Sefolosha’s inclusion to Team Africa would have been a no-brainer. With a South African father and relatives in Mamelodi, he would have been playing a match at “home” for the first time in his professional career. But an act of police brutality robbed him of that opportunity. 

It probably also denied his team, then Atlanta Hawks, of a title run as they were cruising in the Eastern Conference. After a stabbing in a club that Sefolosha and his teammates were at in April of 2015, the police shut it down.

As they evacuated it, five of them violently forced Sefolosha on the ground. He broke his leg and ended his season. The police claimed that he didn’t co-operate despite video evidence showing otherwise. They arrested him for disorderly conduct, resisting arrest, and obstruction of justice. 

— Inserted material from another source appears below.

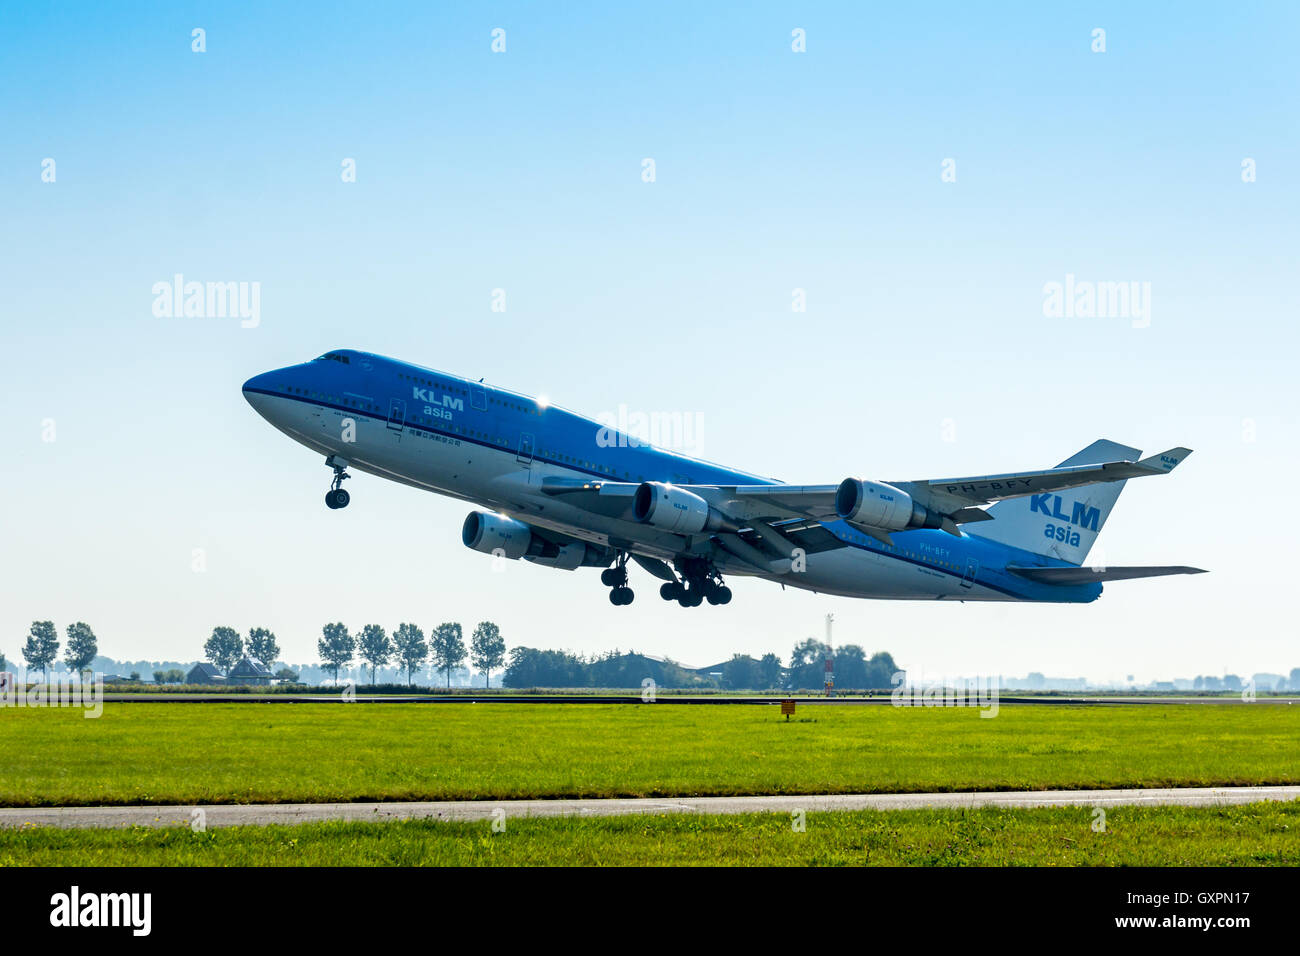 Polderbaan Aeroporto Schiphol, Paesi Bassi - Sep 20, 2016: KLM Air France Boeing 747 tenuto fuori all'Aeroporto di Amsterdam Schiphol Foto Stock

An incensed Sefolosha rejected a number of plea deals, and took on the system. He won and the city of New York paid him $4-million (just over R53-million) to settle the lawsuit.

“I learned from the whole situation and everything that happened,” Sefolosha said at Ticketpro Dome on Friday, the venue of this Saturday's match. “But I think that it showed who I am more than it shaping me”

Sefolosha continued, “I decided to take on the system because it just didn’t feel right. I didn’t do anything. For them to label me and put charges on me, it wasn’t right. You hear about it (police brutality) a lot. Things have to change. But there is a lot of improvement to be made.”

Sefolosha’s case caught global attention due to his status and wide-ranging police brutality in the USA that has resulted in a number of black people being killed and the perpetrators in uniform walking free. The 33-year-old’s upbringing spurred him to fight. 

As a son of a black man, Patrick from Pretoria, and a white lady, Cristine from Switzerland, he would have been born a crime in 1984 had his parents not fled apartheid South Africa.

Sefolosha is glad that the whole ordeal is in the past as he has a lot to look forward to. He has a new home in the form of Utah Jazz. But on Saturday afternoon he will finally lead Team Africa against Team World at “home”.

“This is special,” he said. “I am looking forward to being in front of a South African crowd and playing a great game. It’s going to be great fun.”